El doctor vuelve a aparecer y nos juntamos para escuchar lo que dice. Las noticias son malas. Comprendo lo que quiere decir: lo más humano es inducirlo al sueño. Kagome solloza y la aprieto más fuerte contra mí. Abrazo a Sōta (como si aún fuera un niño pequeño que teme a la oscuridad) con mi otro brazo y él acepta, apoyando la cabeza en mi pecho. Naomi cierra los ojos unos momentos, con las lágrimas a punto de caer, y asiente levemente.
El doctor nos permite un momento para despedirnos, ya que el anciano está demasiado dolorido y débil como para estar tanto tiempo despierto.

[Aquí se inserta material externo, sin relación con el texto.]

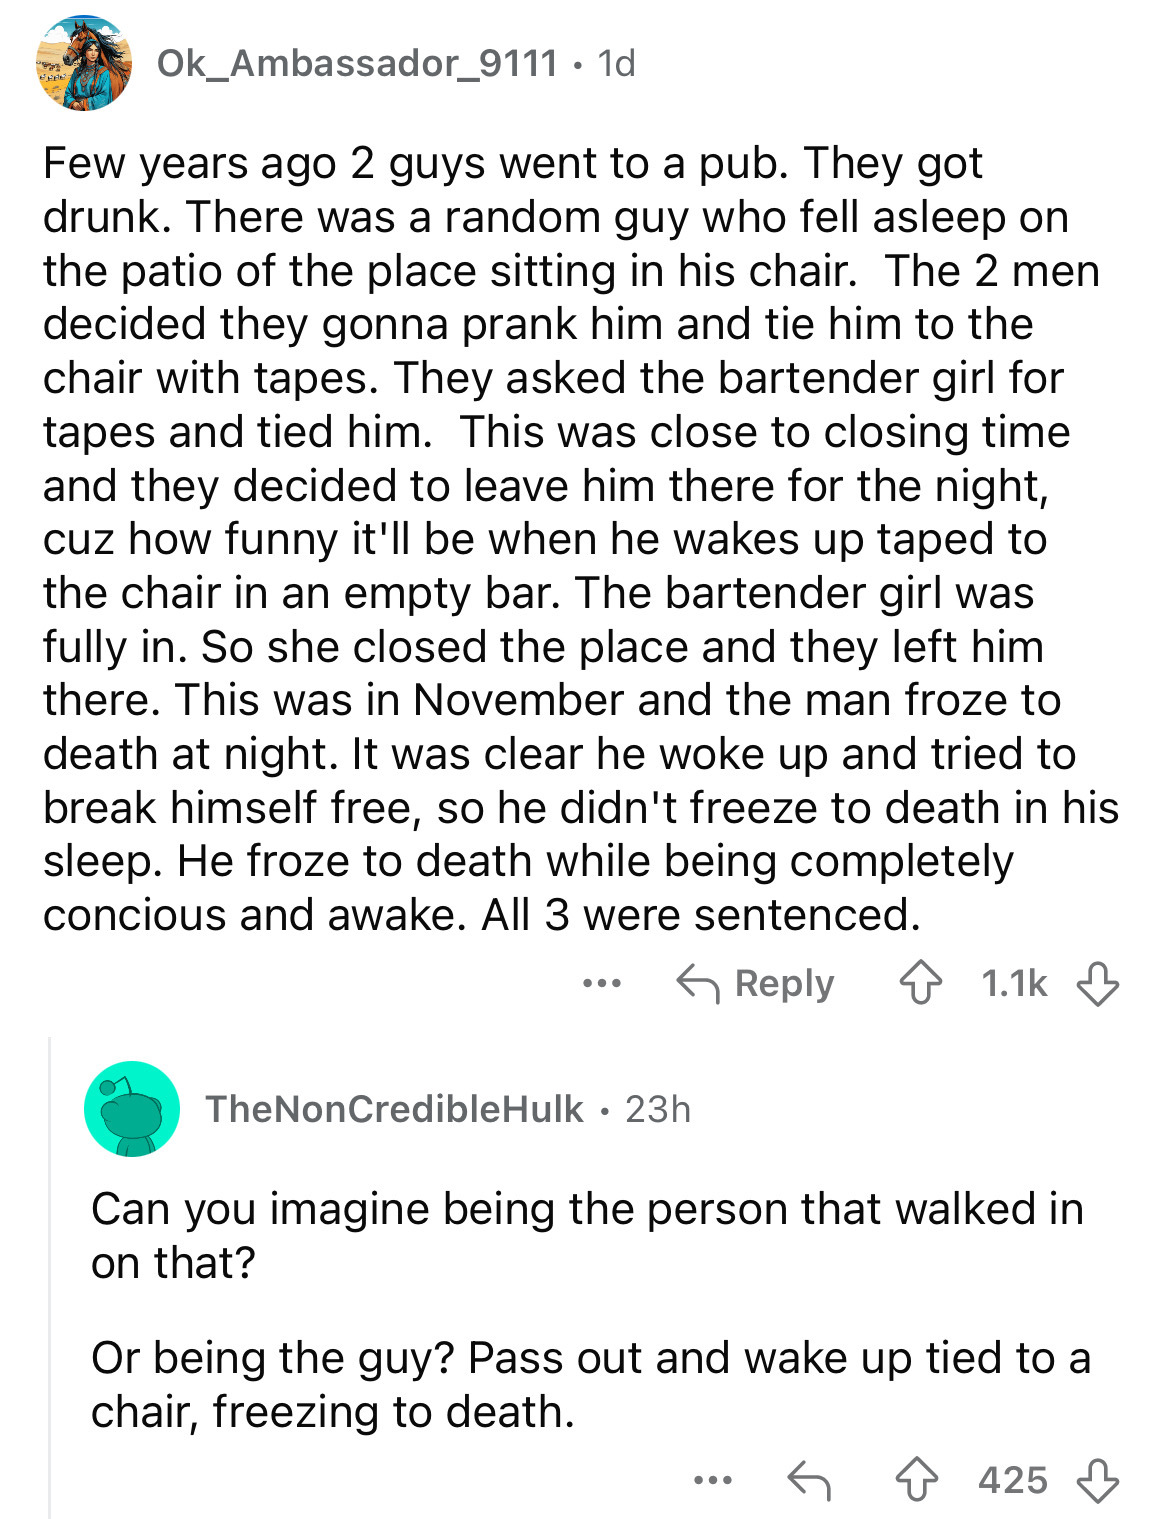 document - Ok_Ambassador_9111. 1d Few years ago 2 guys went to a pub. They got drunk. There was a random guy who fell asleep on the patio of the place sitting in his chair. The 2 men decided they gonna prank him and tie him to the chair with tapes. They a

Lo cierto es que se ha pasado más tiempo anestesiado que consciente. Debe ser similar a mi largo sueño clavado en el árbol, o tal vez peor.
Intento mantenerme al borde y no escuchar conversaciones que me son ajenas. He formado una parte insignificante en la vida de este hombre, pero, para mi sorpresa, resulta que soy igualmente importante para él y significante para su nieta. Me llama con un susurro que nadie más que yo logra escuchar, mientras se sorben las narices y reprimen sollozos. Él sabe todo en este momento, puedo leérselo en los ojos.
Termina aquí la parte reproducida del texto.